After applying the fix, verify that storm-control is no longer dropping broadcast traffic: ``` show storm-control gigabitEthernet 0/1 ``` Expected output: ``` Interface Gi0/1 Filter State: Inactive Broadcast: 200 pps (current), 2000 pps (max) Multicast: 500 pps (current), 1000 pps (max) Action: Trap Broadcast drop count: 200 (no longer incrementing) ``` Also verify that the workstation can now communicate: ``` ping 192.168.1.1 ``` Should succeed.

Prevention

["Set storm-control thresholds based on the normal broadcast traffic baseline for each port. Use the 'show storm-control' history to monitor typical rates.","Use the 'trap' action instead of 'shutdown' to avoid port errdisable; this allows monitoring without service disruption.","Implement storm-control only on ports where broadcast storms are a realistic threat, such as access ports connecting to end devices, and avoid overly restrictive thresholds."]

CCNA Exam Relevance

On the CCNA 200-301 exam, storm-control appears in the 'Security Fundamentals' section.

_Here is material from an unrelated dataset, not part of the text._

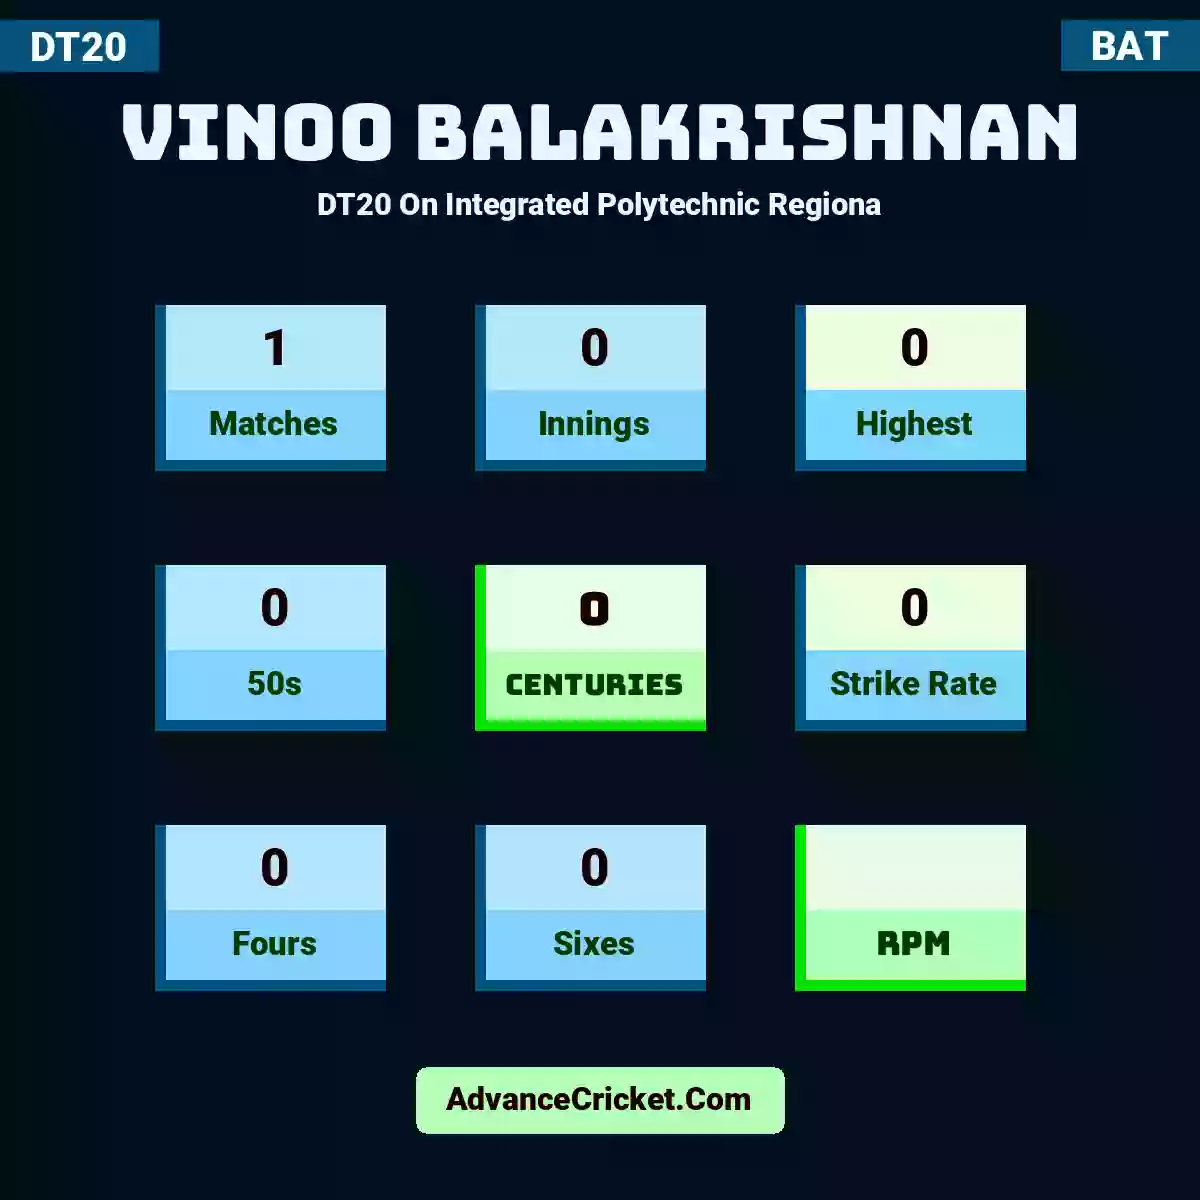 Vinoo Balakrishnan DT20  On Integrated Polytechnic Regiona, Vinoo Balakrishnan played 1 matches, scored 0 runs as highest, 0 half-centuries, and 0 centuries, with a strike rate of 0. V.Balakrishnan hit 0 fours and 0 sixes.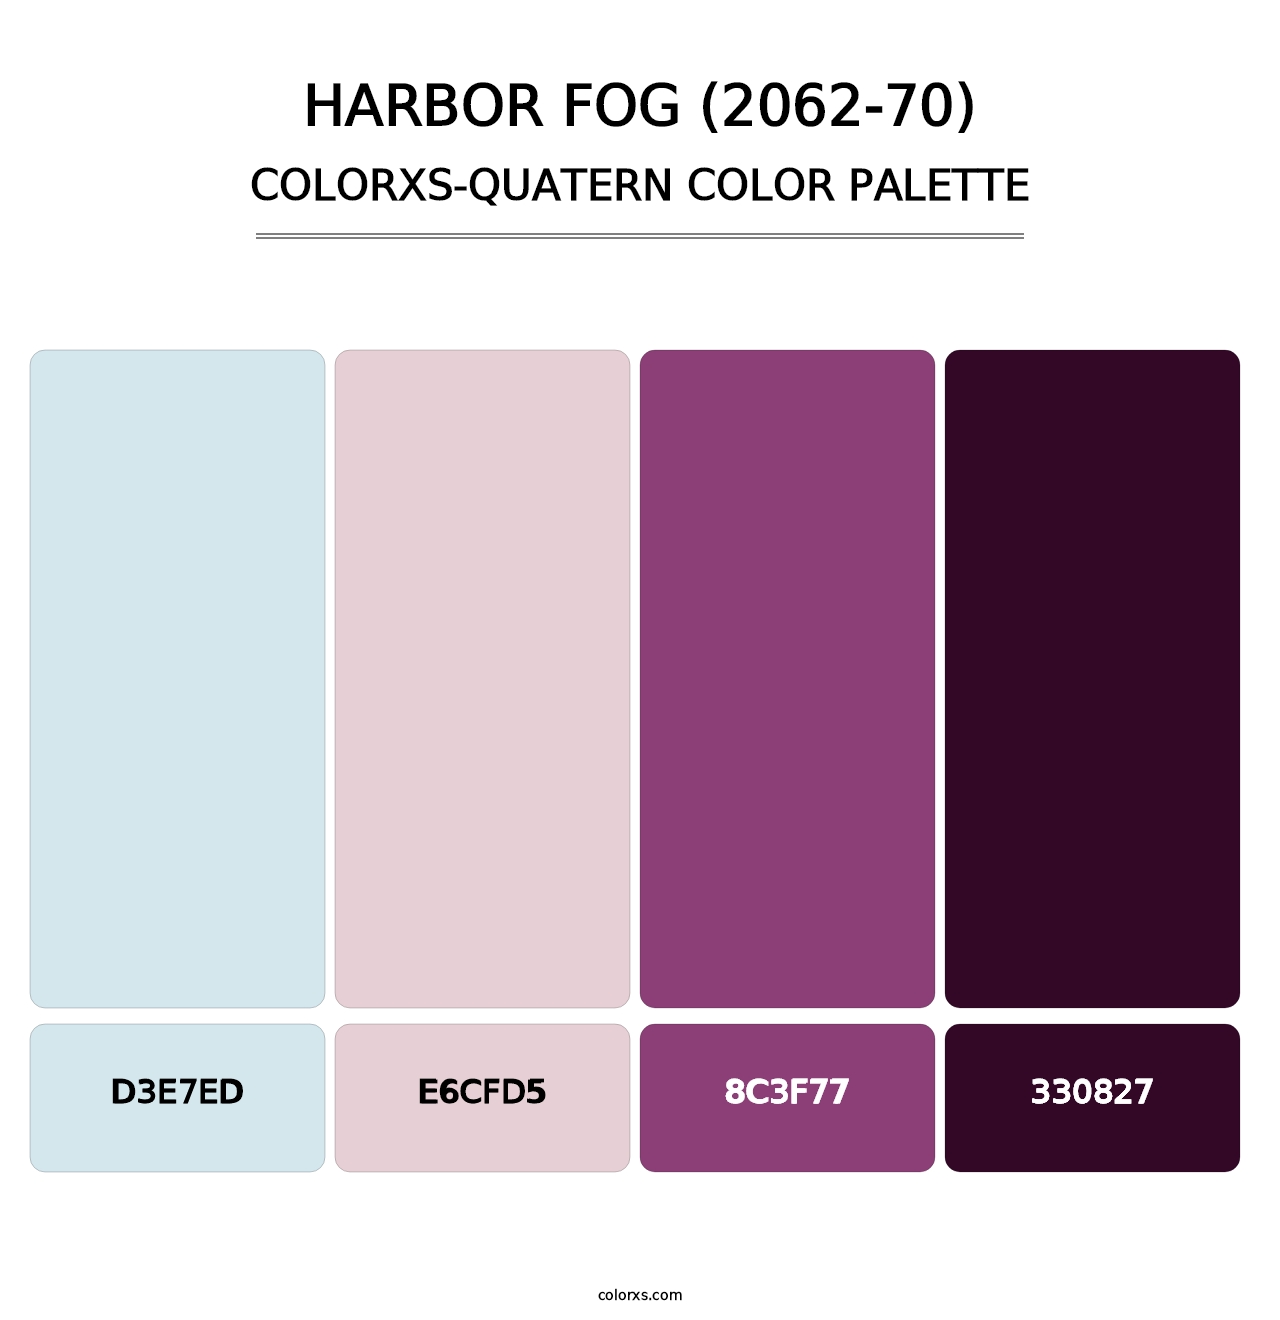 Harbor Fog (2062-70) - Colorxs Quatern Palette

Questions may present a scenario where a switch port is dropping traffic and ask to identify the cause (storm-control) and the corrective action. Expect multiple-choice questions about storm-control configuration, thresholds (percentage or PPS), and actions (shutdown, trap). The key fact: storm-control monitors broadcast, multicast, or unicast traffic and can drop or shut down the port when a threshold is exceeded.

Exam Tips

1.

Remember that storm-control thresholds can be configured as a percentage of bandwidth or as packets per second (PPS). The default action is to filter (drop) excess traffic, not shutdown.

2.

Be aware that 'show storm-control' displays the current rate and threshold; 'show storm-control history' shows drop counts.

3.

In exam scenarios, if a port is dropping traffic but not errdisabled, check storm-control first. The fix is to increase the threshold or change the action.